Брянский с НП передал приказ перейти под самую высоту. Сагайда, сияющий и лохматый, появился на бруствере и подал команду, какую он любил больше всего на свете:

— Отбой! Минометы на вьюки!

Это означало — вперед. Телефонист с гордостью доложил в штаб:

— Я отключаюсь.

Ячейки опустели за несколько минут. Тяжелые плиты, двуногие лафеты, стволы уже были на спинах у бойцов, входивших в траншею.

Стоя в стороне в нише, Сагайда пропускал роту и проверял, все ли взято. Вот впереди проходит раскрасневшийся Черныш с высоко поднятой головой; большие ясные глаза его блестят из-под черных, по-девичьи тонких бровей. Он ступает с какой-то особенной легкой упругостью. Вот высокий Бузько согнулся под тяжестью плиты и шагает, глядя под ноги, словно хочет запомнить каждый свой шаг на этой земле. Быстро шагает балагур Хома Хаецкий, с пышными хитрыми усами, закрученными кверху, как бараньи рога… Гай, весь обвешанный металлическими лотками с минами, гремит ими, как рыцарь зелеными латами, и смотрит на Сагайду, на товарищей, на все, что происходит, простодушно и доверчиво. Проходят неразлучные братья Блаженко, темные и задымленные.
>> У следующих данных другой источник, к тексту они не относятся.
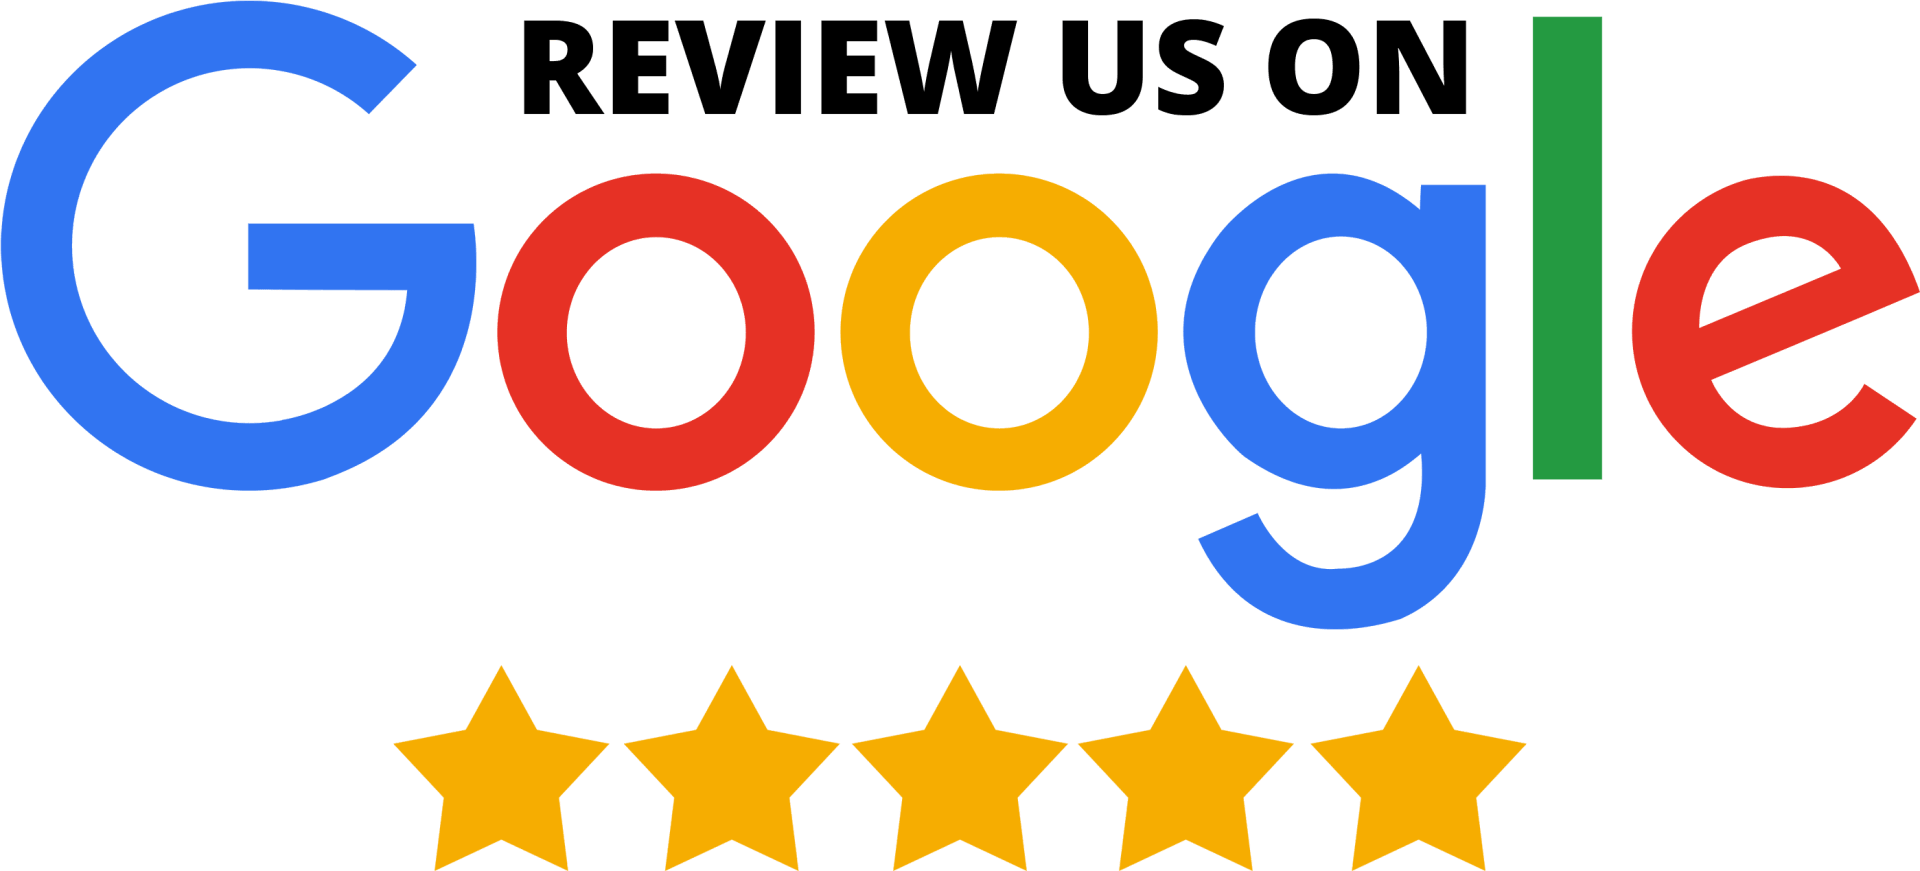 Review us on Google Icon with 5 star rating

Младший с трубой на плече и с прицелом в руках, старший с лотками в здоровой руке.

— Блаженко! — окликает Сагайда старшего, а братья останавливаются оба.

— Я вас слушаю, товарищ лейтенант гвардии.

— Сколько я вас учил, что не лейтенант гвардии, а гвардии лейтенант!

— Простите, забыл, товарищ… лейтенант гвардии!

— Дайте сюда лотки!

— Он в моем расчете, — вмешивается Денис. — Это по моему приказу.

— Дайте сюда лотки!

— Товарищ гвардии лейтенант, — настаивает на своем Денис, — вы же не можете через мою голову отменять мои приказы. Боевой приказ…

— Так ты уставы знаешь! — говорит Сагайда и силой забирает лоток у Блаженко-старшего… — Почему не доложил, что ранен? Марш!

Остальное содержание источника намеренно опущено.